> **WHAT YOU WILL DO**: What you produce should be the lines from the line containing "Man with dark" through the last line below, both ends included, reproduced exactly and without pictures.

> **STORED DATA**:
○ ○ ○ ○
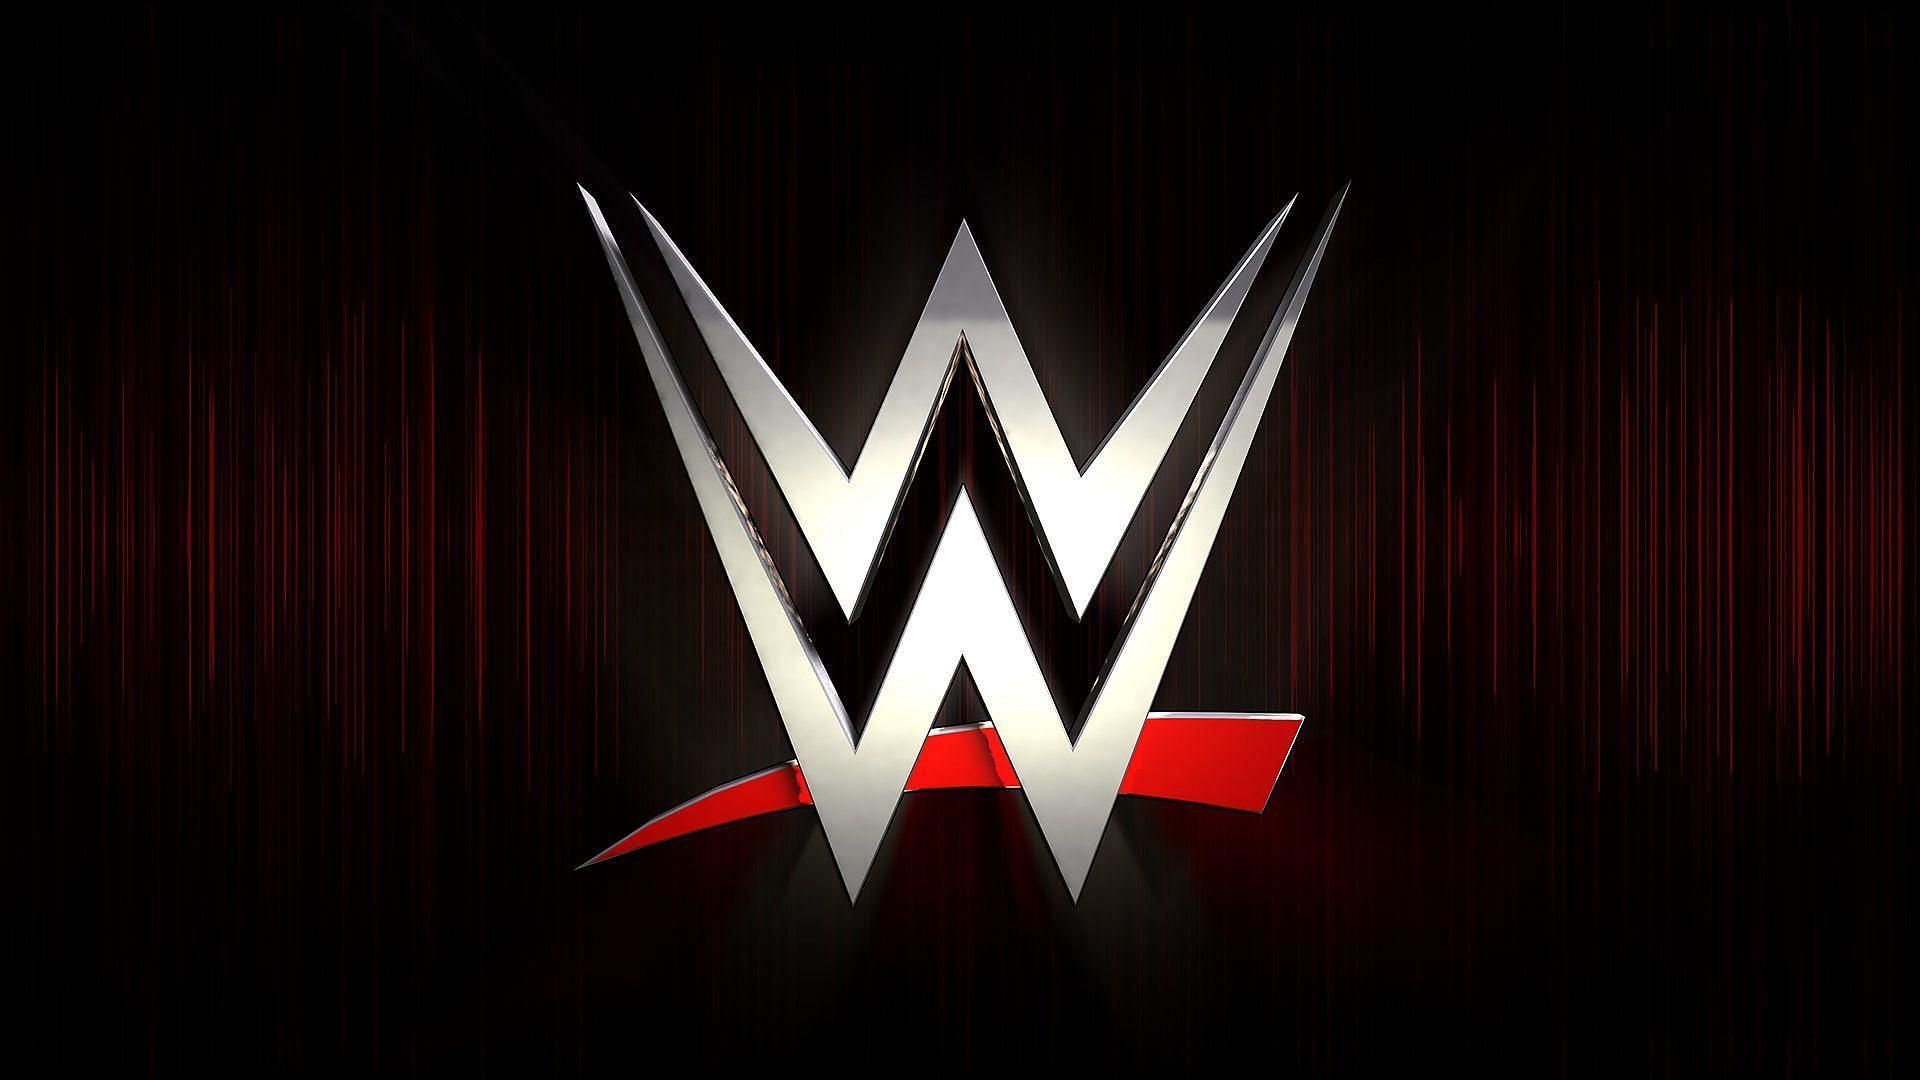 Is this WWE star disappointed with management?
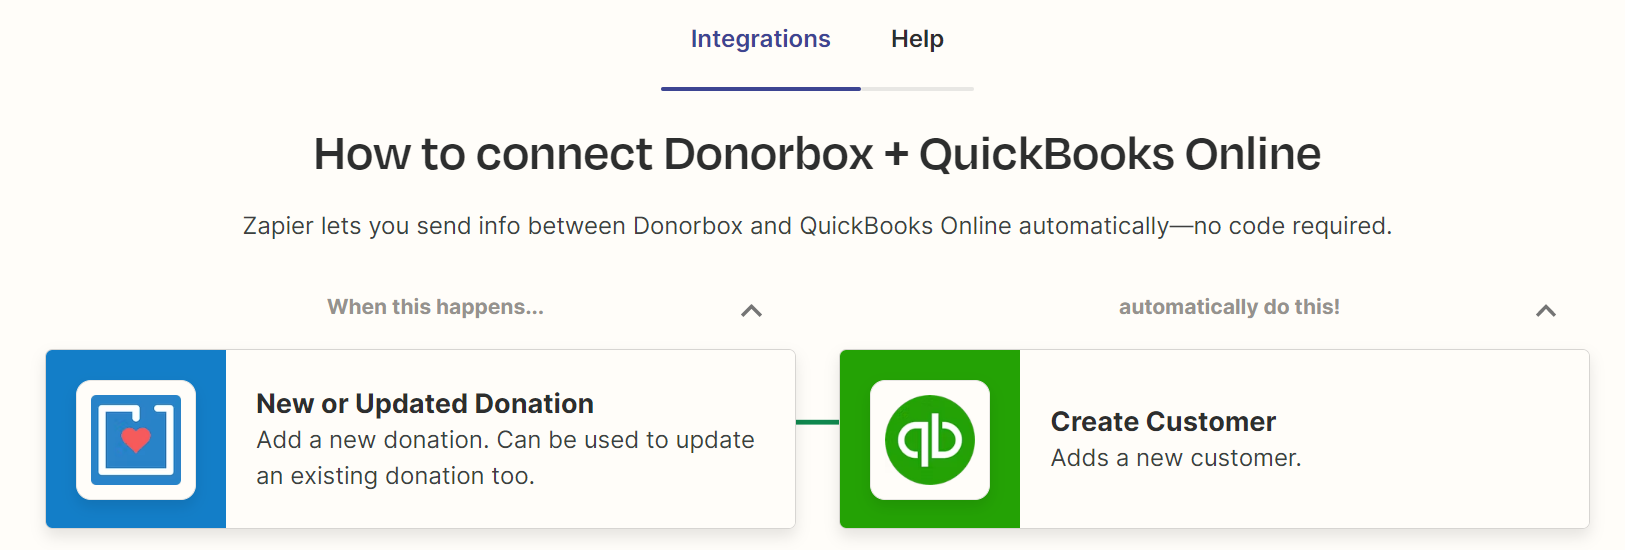 donorbox and quickbooks integration
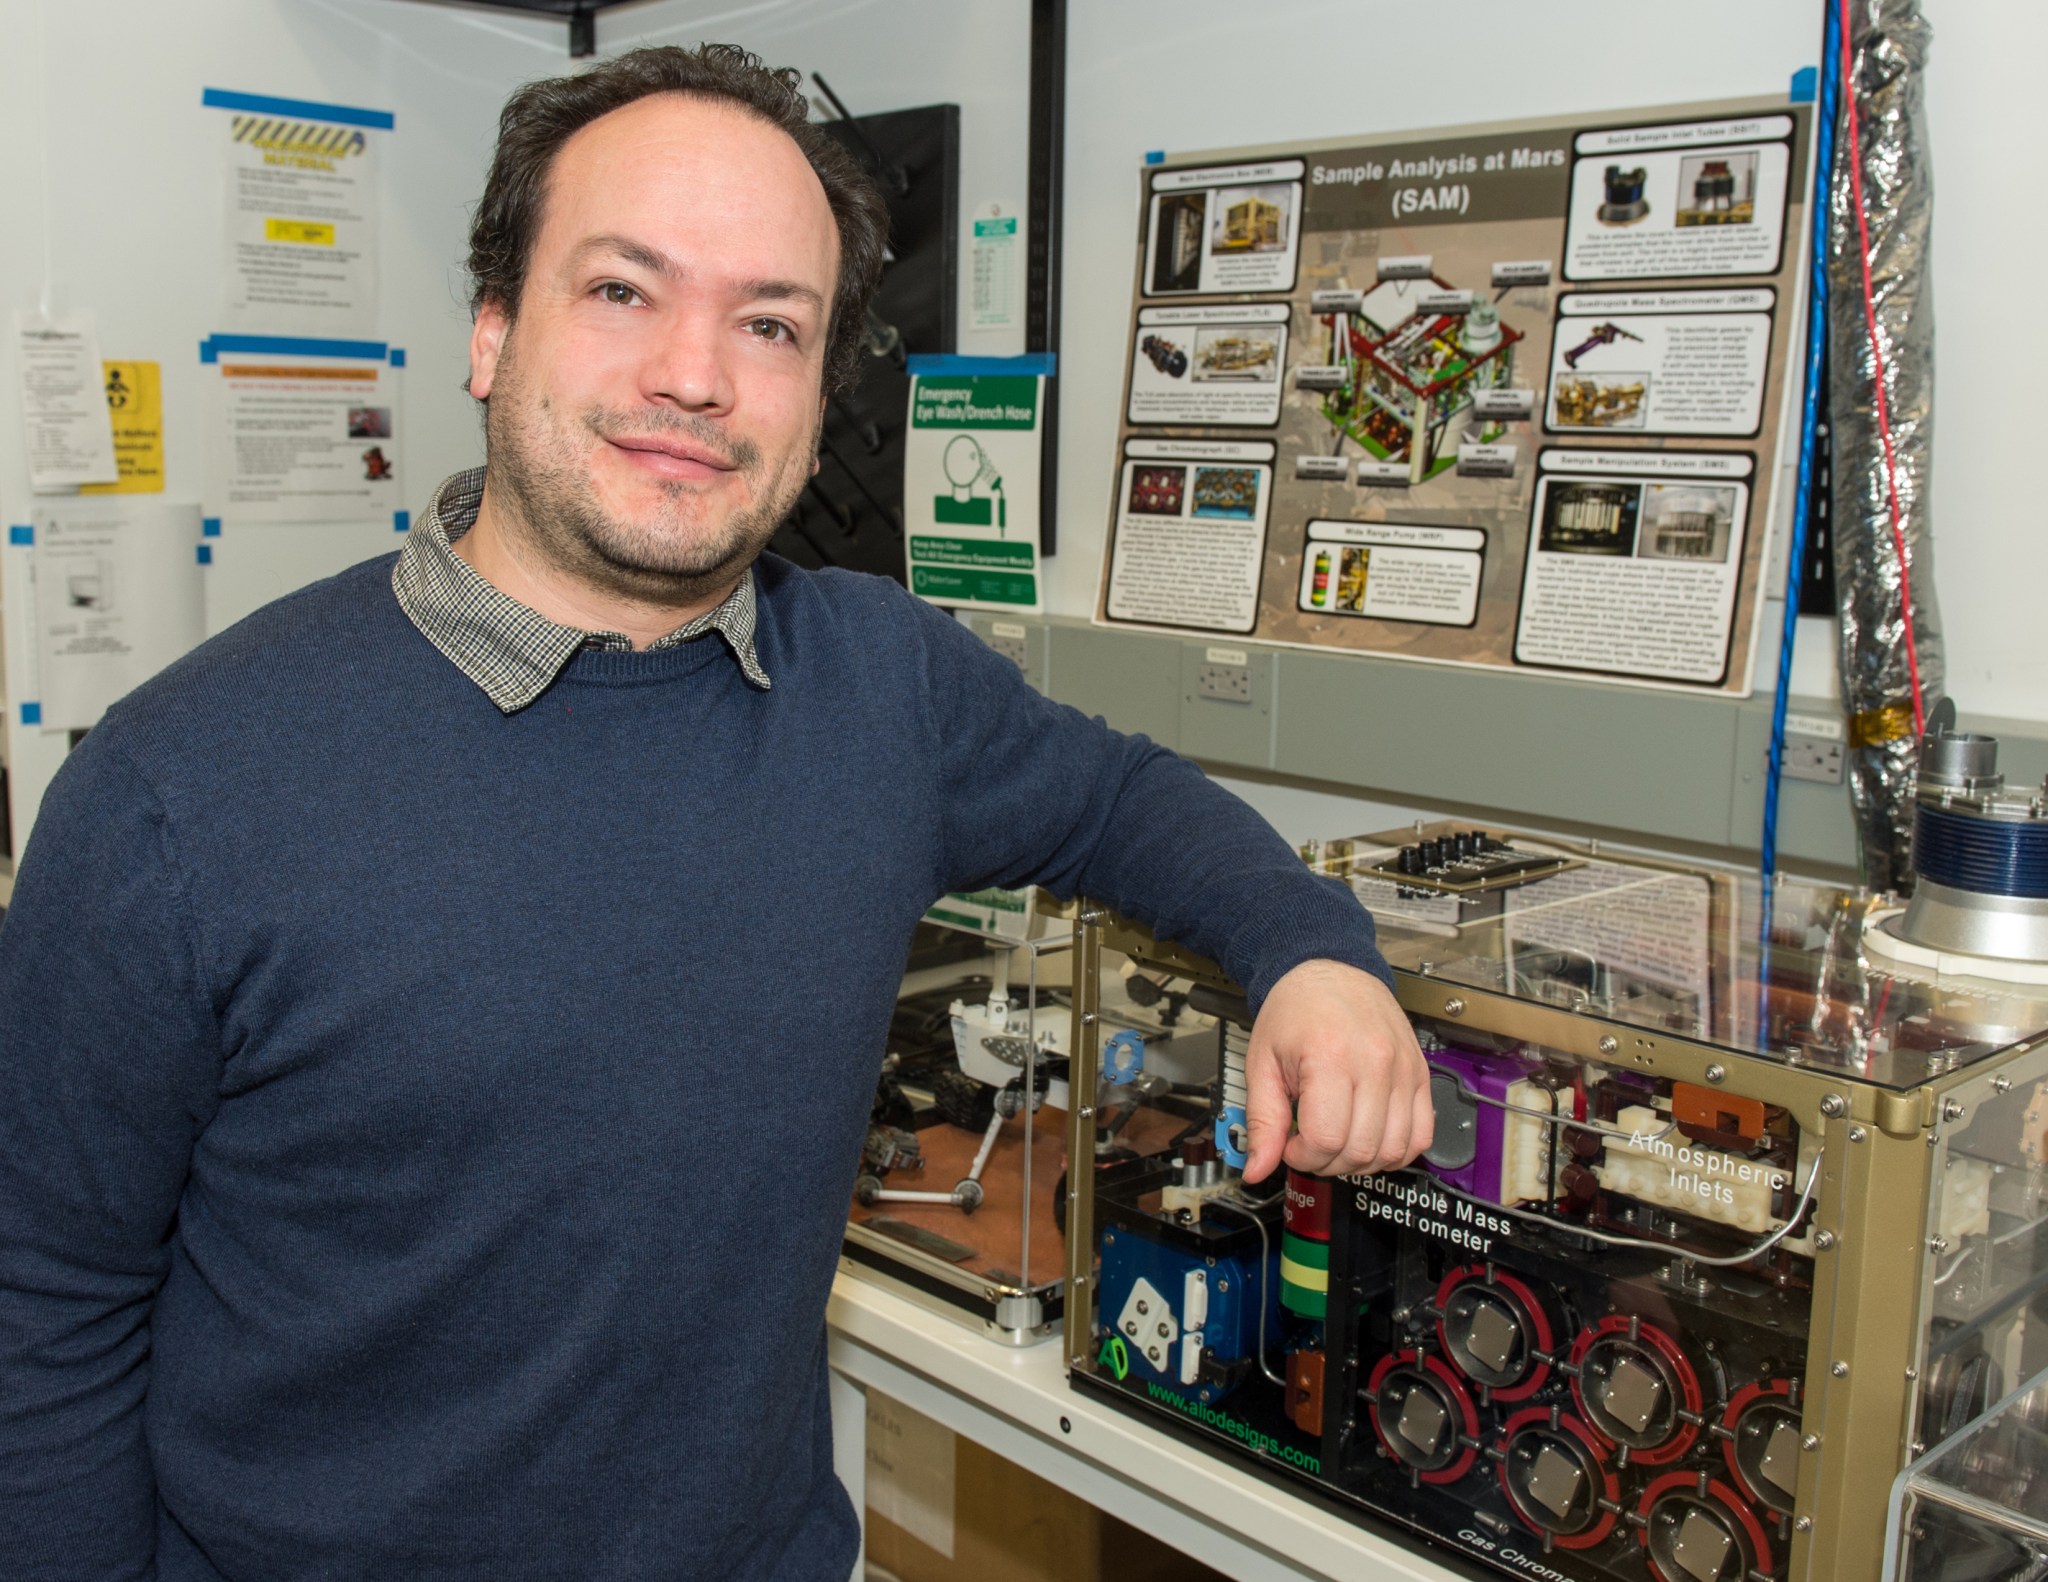 Man with dark brown hair wearing a blue sweater with a collared shirt underneath stands, smiling in front of a Sample Analysis at Mars poster 
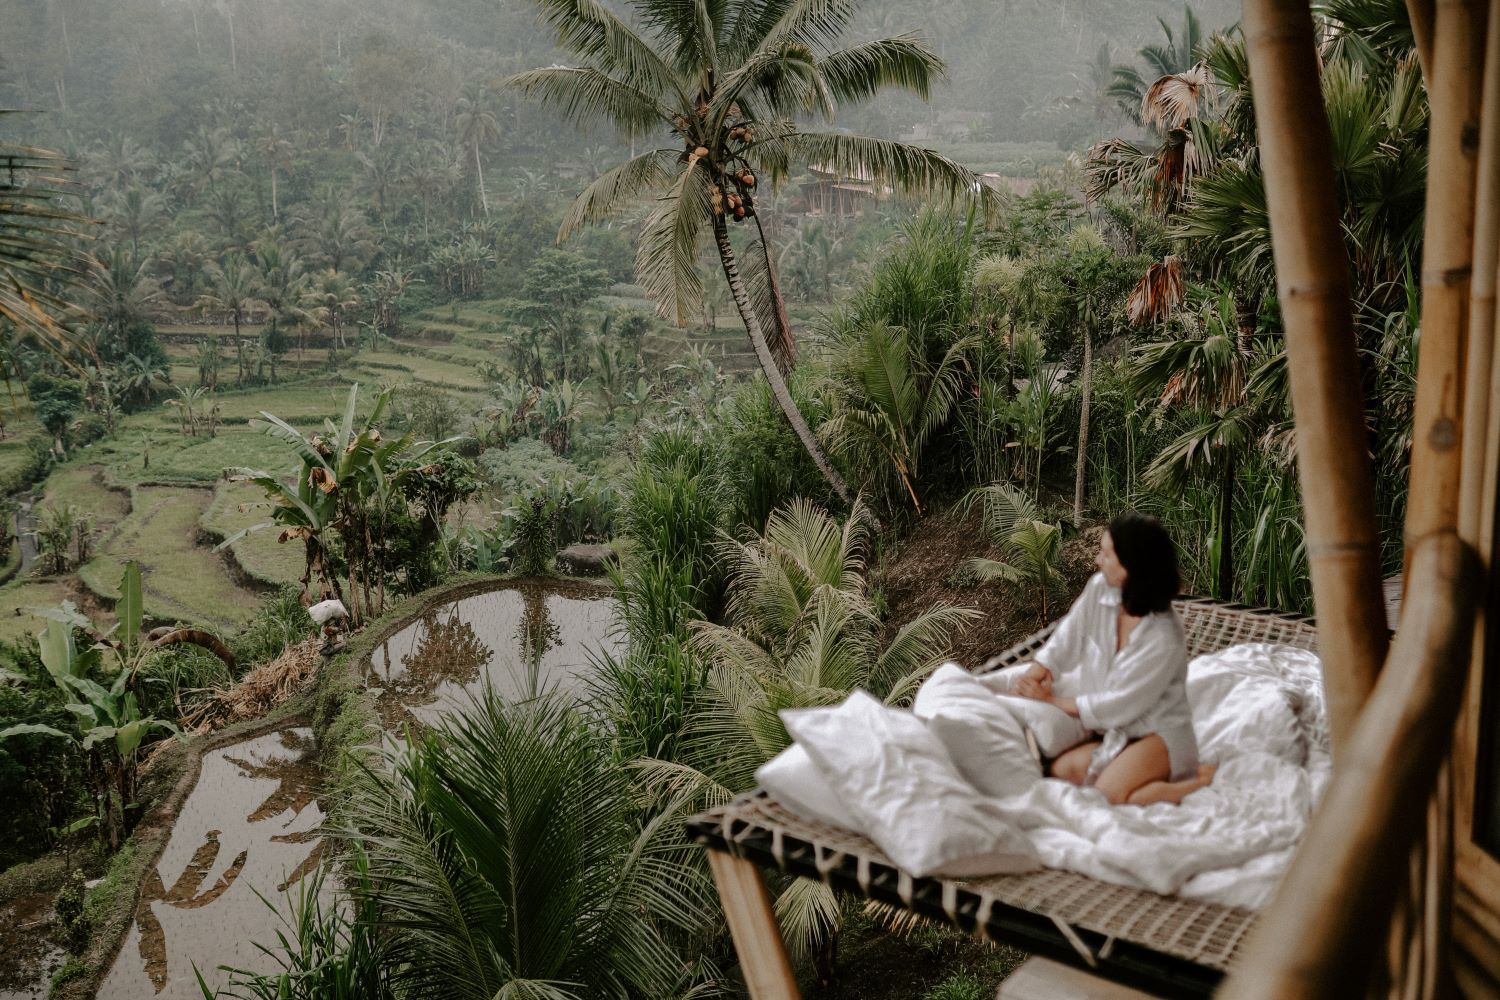 A guest at a hotel in Bali, Indonesia, surrounded by jungle, palm trees and rice fields.
○ ○ ○ ○
> **OUTPUT OF THE TASK**:
 Man with dark brown hair wearing a blue sweater with a collared shirt underneath stands, smiling in front of a Sample Analysis at Mars poster 
 A guest at a hotel in Bali, Indonesia, surrounded by jungle, palm trees and rice fields.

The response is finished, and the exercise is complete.